The ground was laid for the Beaumont betrayal in 2015, when, despite an outbreak of wildcat strikes that shut down a dozen refineries and reduced US production capacity by 20 percent, the USW caved to major concessions, including removing numerous refineries from the national bargaining agreement and altering their renewal schedules. Rather than negotiating with strength in numbers, the USW isolated these refineries, including ExxonMobil Beaumont, whose workers could be locked out with minimal consequence to the company.
The World Socialist Web Site recently interviewed a long-time worker at Marathon Petroleum’s Galveston Bay Refinery (GBR) in nearby Texas City, and veteran of the 2015 strike. He emphasized that a key demand of the Beaumont struggle should be to get their contract renewal dates in line with the national cycle. “I don’t understand why the USW doesn’t take action now and get the contract renewal back on date. The USW has lost that principle.”
The Beaumont struggle was becoming a major thorn in Exxon’s side, garnering support from oil and gas workers across the US and internationally, not to mention from rail workers, educators, health care providers, and other workers locked in their own struggles. The national contract covering 30,000 refinery workers or two-thirds of the US total, expired three weeks ago. Exxon was in a hurry to defuse the situation in Beaumont, lest it spark a repeat of the 2015 nationwide strikes. The USW was happy to call a snap vote and promote the previously rejected contract with minor adjustments.
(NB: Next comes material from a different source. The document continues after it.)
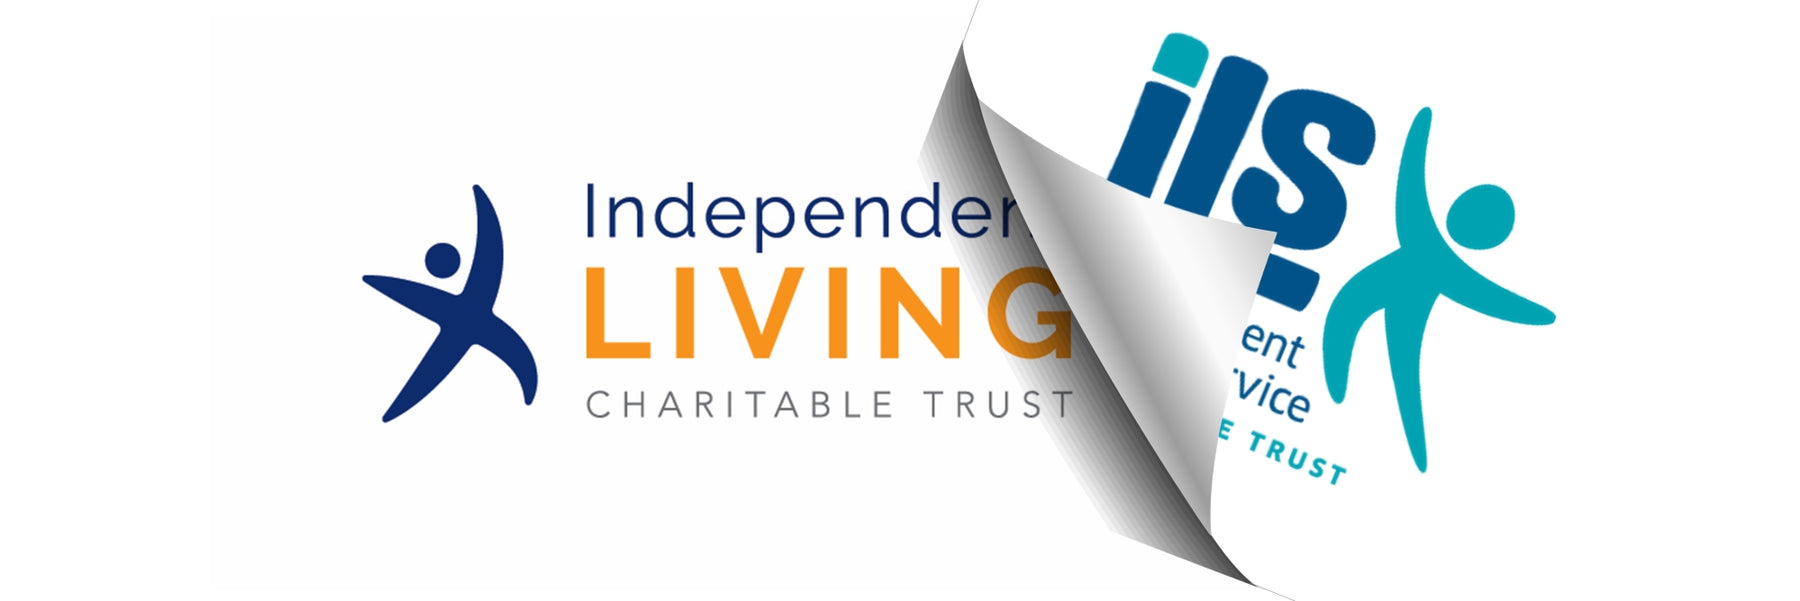 New independent living logo next to the old logo

The return to work is well-timed for ExxonMobil, which was able to run the refinery at full capacity during the lockout by forcing supervisors to pick up shifts and filling gaps with temporary workers. Exxon is planning an expansion at Beaumont of an additional 200,000 barrels per day capacity, which would make it the largest refinery in the country. When the companies demand workers, the USW races to comply.
Such was the case in January, when a cold snap in Texas caused the orderly shutdown of three Gulf Coast refineries, costing Valero, Chevron, and Marathon Petroleum millions of dollars per day in lost profits. Marathon, which is leading the national contract negotiations on behalf of the industry, needed the USW’s support to expedite restarting the GBR facility. Rather than using this as negotiating leverage, the USW rushed workers to the facility in unsafe, round-the-clock shifts, as the company demanded.
The GBR worker was aghast at the USW’s response: “The [USW] International ought to be holding this over their [Marathon’s] heads. It’s a bargaining chip. It’s a gimme, a fumble on the 1-yard line.”
The USW’s actions are not mere missteps: the union leadership seeks to prove to the corporations and state that they are useful instruments to discipline workers and maximize profit-extraction, so that they can continue to enjoy their privileges while workers suffer year over year, contract over contract.
However, the mood of workers is moving rapidly towards confrontation with the corporations and union apparatus. No meaningful progress is possible for workers until they take the struggle into their own hands by forming rank-and-file committees independent of the USW and forging alliances with other class-conscious workers across North America and the world.